Here’s the question, which I found in a thread on Hacker News.

Explain this behavior:

['1','1','1'].map(parseInt) returns [1, NaN, 1]
['1','1','1'].map(n => parseInt(n)) returns [1, 1, 1]

Obviously this is a completely ridiculous question and I would seriously question why anyone would ask this during an interview. But that doesn’t mean we can’t have fun trying to find the answer.

I was stumped at first, especially when I tried playing with the input:

['2','2','2'].map(parseInt)
-> [2, NaN, NaN]

Ok, so let’s try to understand what the map function actually does.

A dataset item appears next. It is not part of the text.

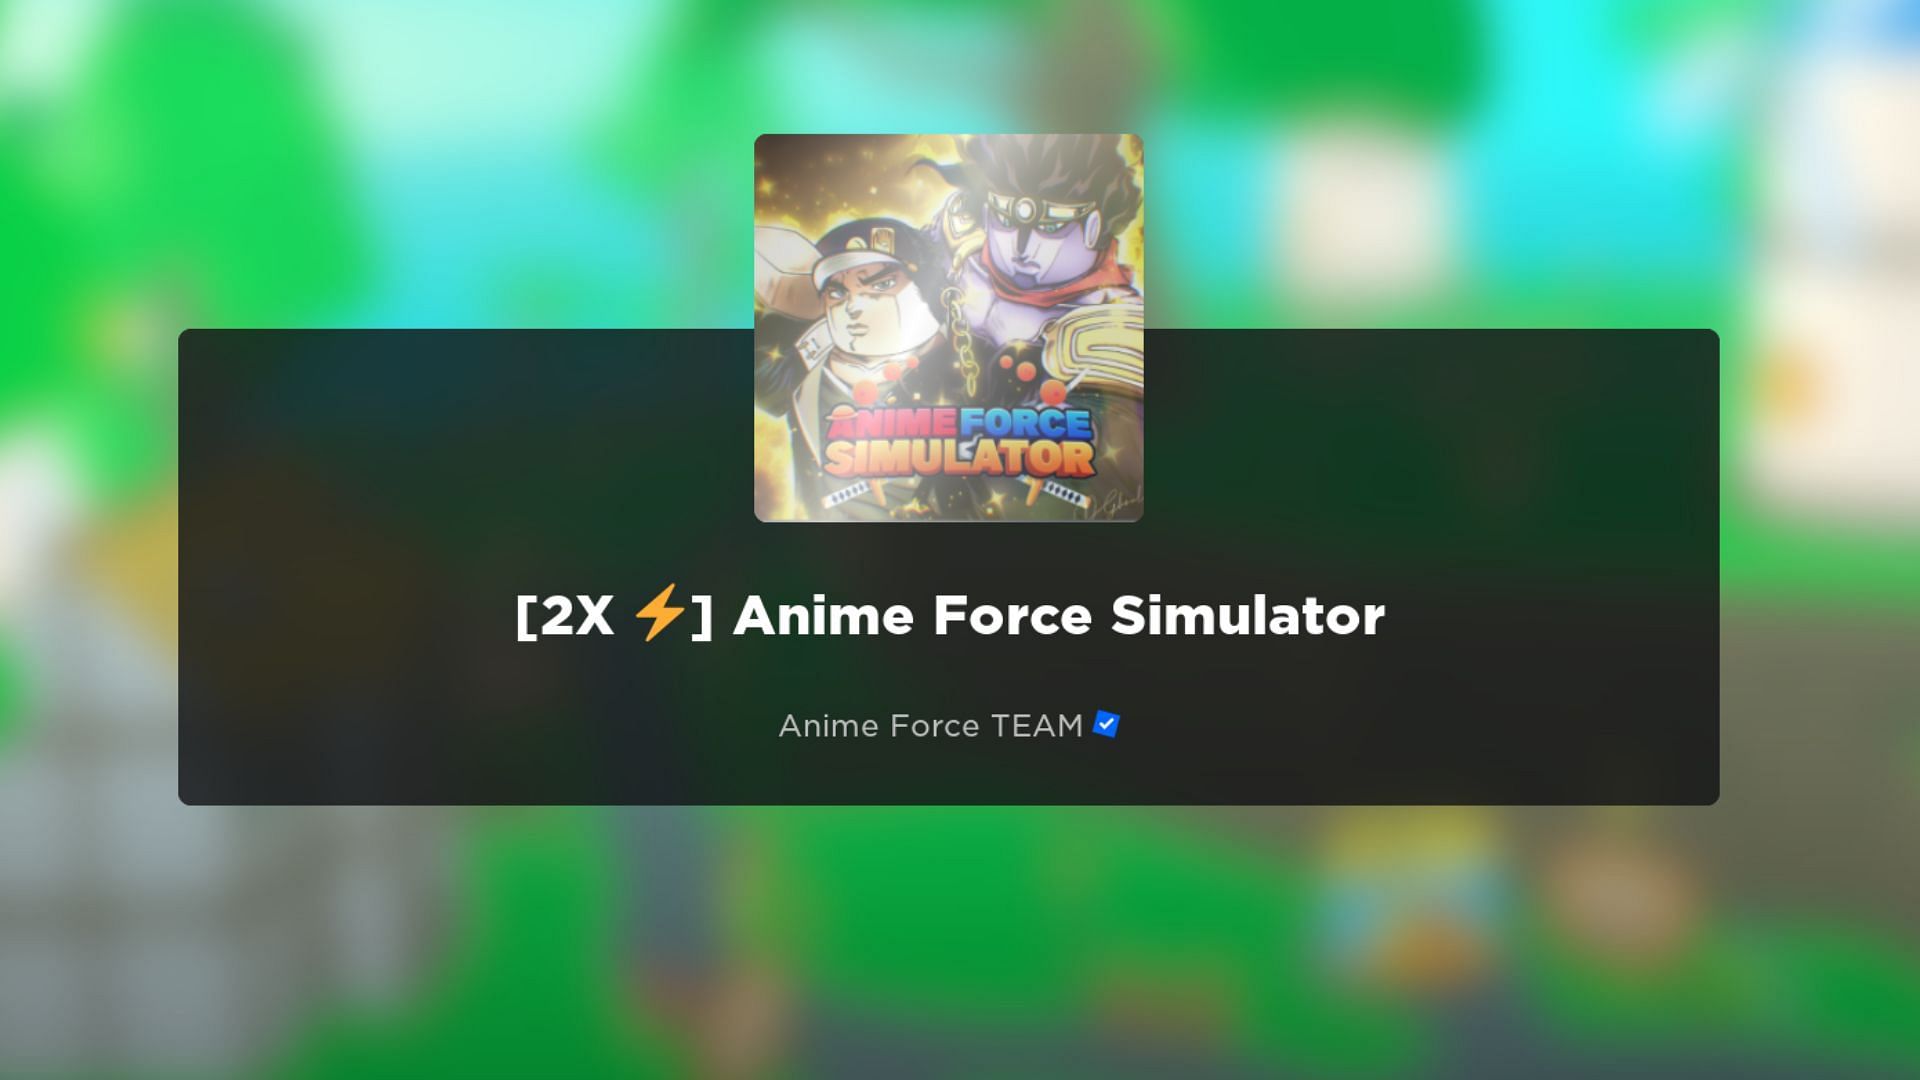 Anime Force Simulator Codes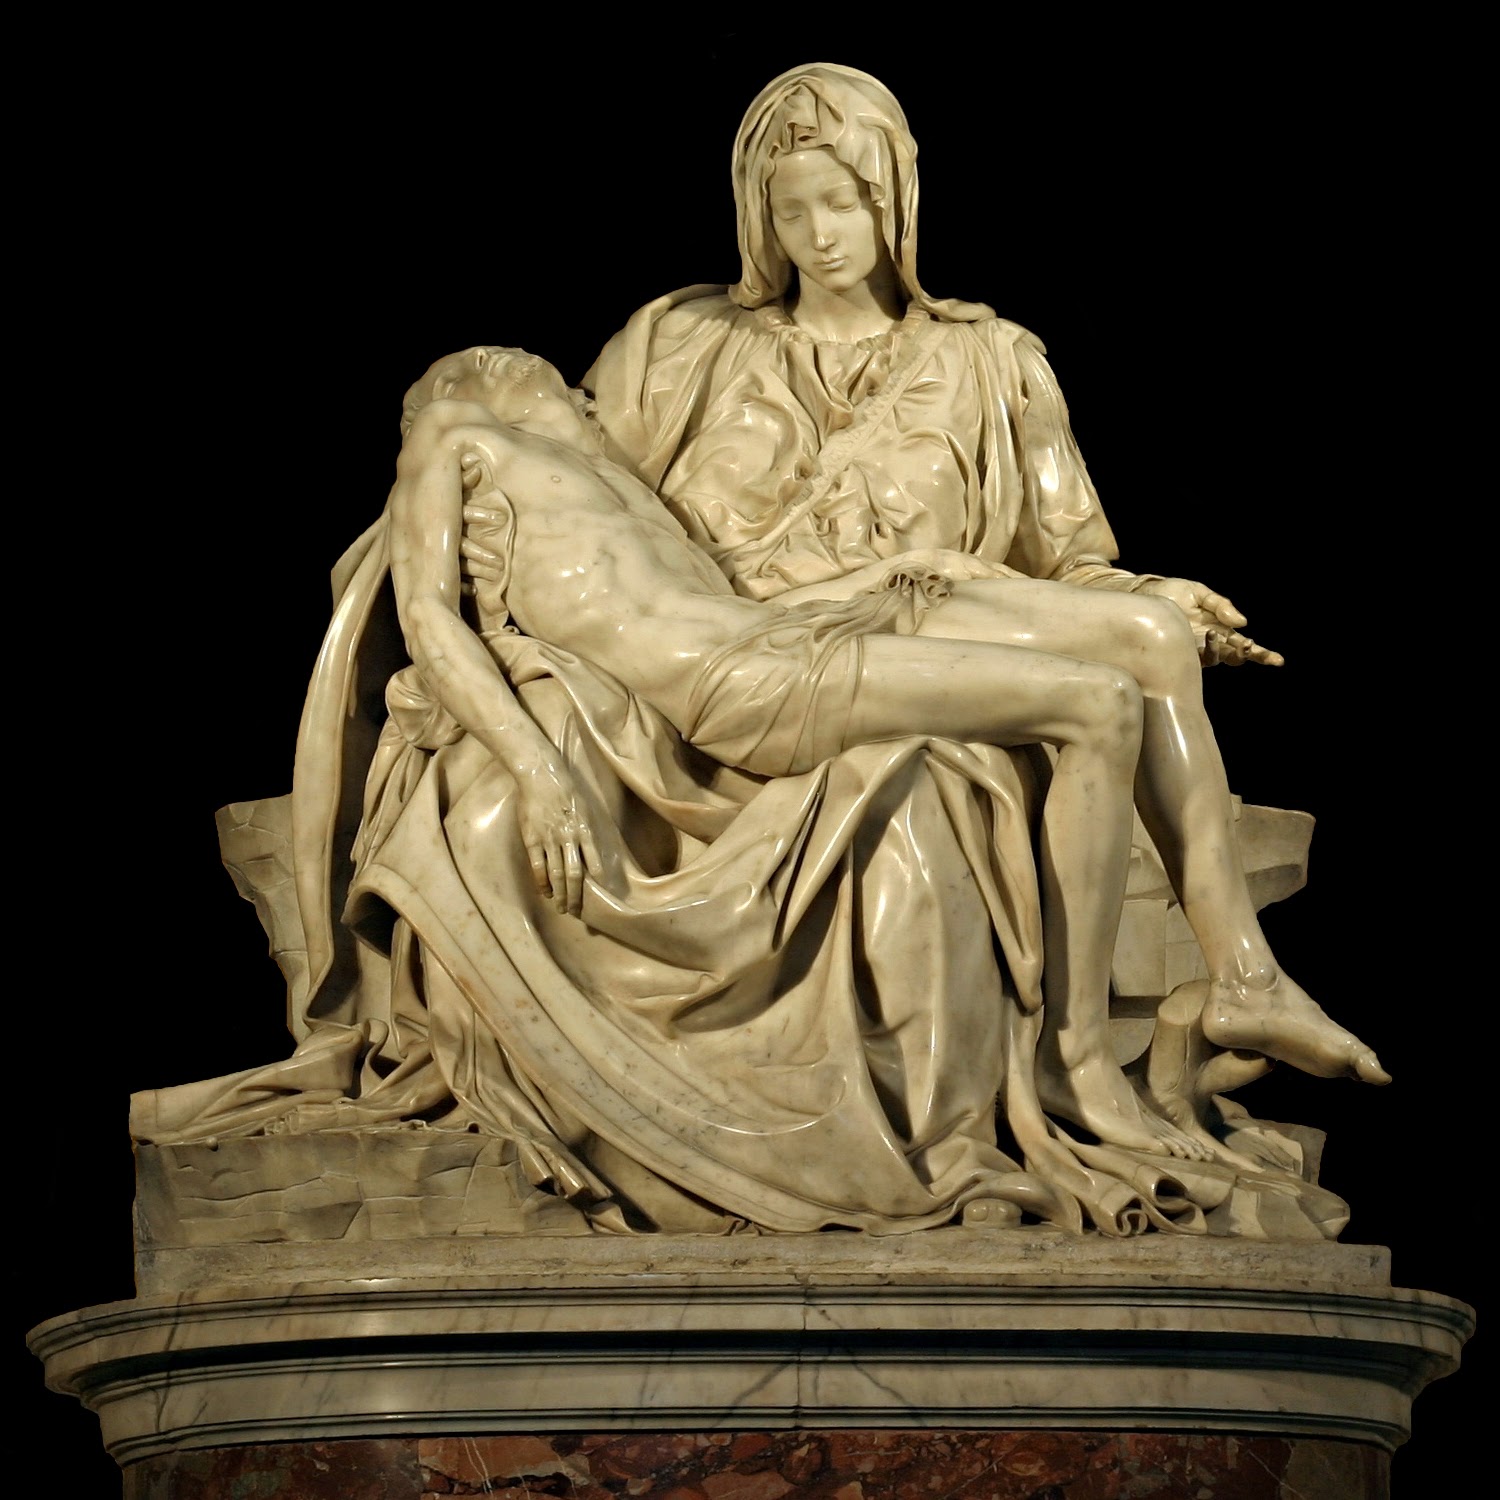 Michelangelo, the art history

['1','1','1'].map(function() { console.log(arguments) })
-> ["1", 0, Array(3)]
-> ["1", 1, Array(3)]
-> ["1", 2, Array(3)]

(Note that the arguments object is not available in arrow functions) Ok, so this seems like it’s part of the answer - map actually passes 3 arguments to the callback function: the current element, the current index, and the array map was called upon.

So what about parseInt?

parseInt('5')
-> 5
parseInt('5',2)
-> NaN
parseInt('5',10)
-> 5
parseInt('A')
-> NaN
parseInt('A',16)
-> 10

The parseInt function actually takes 2 parameters - the value to parse and the base (or radix) of the value. So our original code snippet is actually equivalent to the following:

// ['1','1','1'].map(parseInt) is equivalent to
parseInt('1',0)
-> 1
parseInt('1',1)
-> NaN
parseInt('1',2)
-> 1

I was surprised that parseInt('1',0) actually returns the correct value, but according to the documentation passing 0 as the base/radix is equivalent to passing undefined which means parseInt will attempt to infer the base/radix, which it does correctly. parseInt('1',2) just means parsing the number 1 in binary, which is perfectly valid.

I initially assumed that this was just some strange quirk of JavaScript, but it’s actually just an unfortunate interaction between 2 APIs. Nothing broken here. What a silly question.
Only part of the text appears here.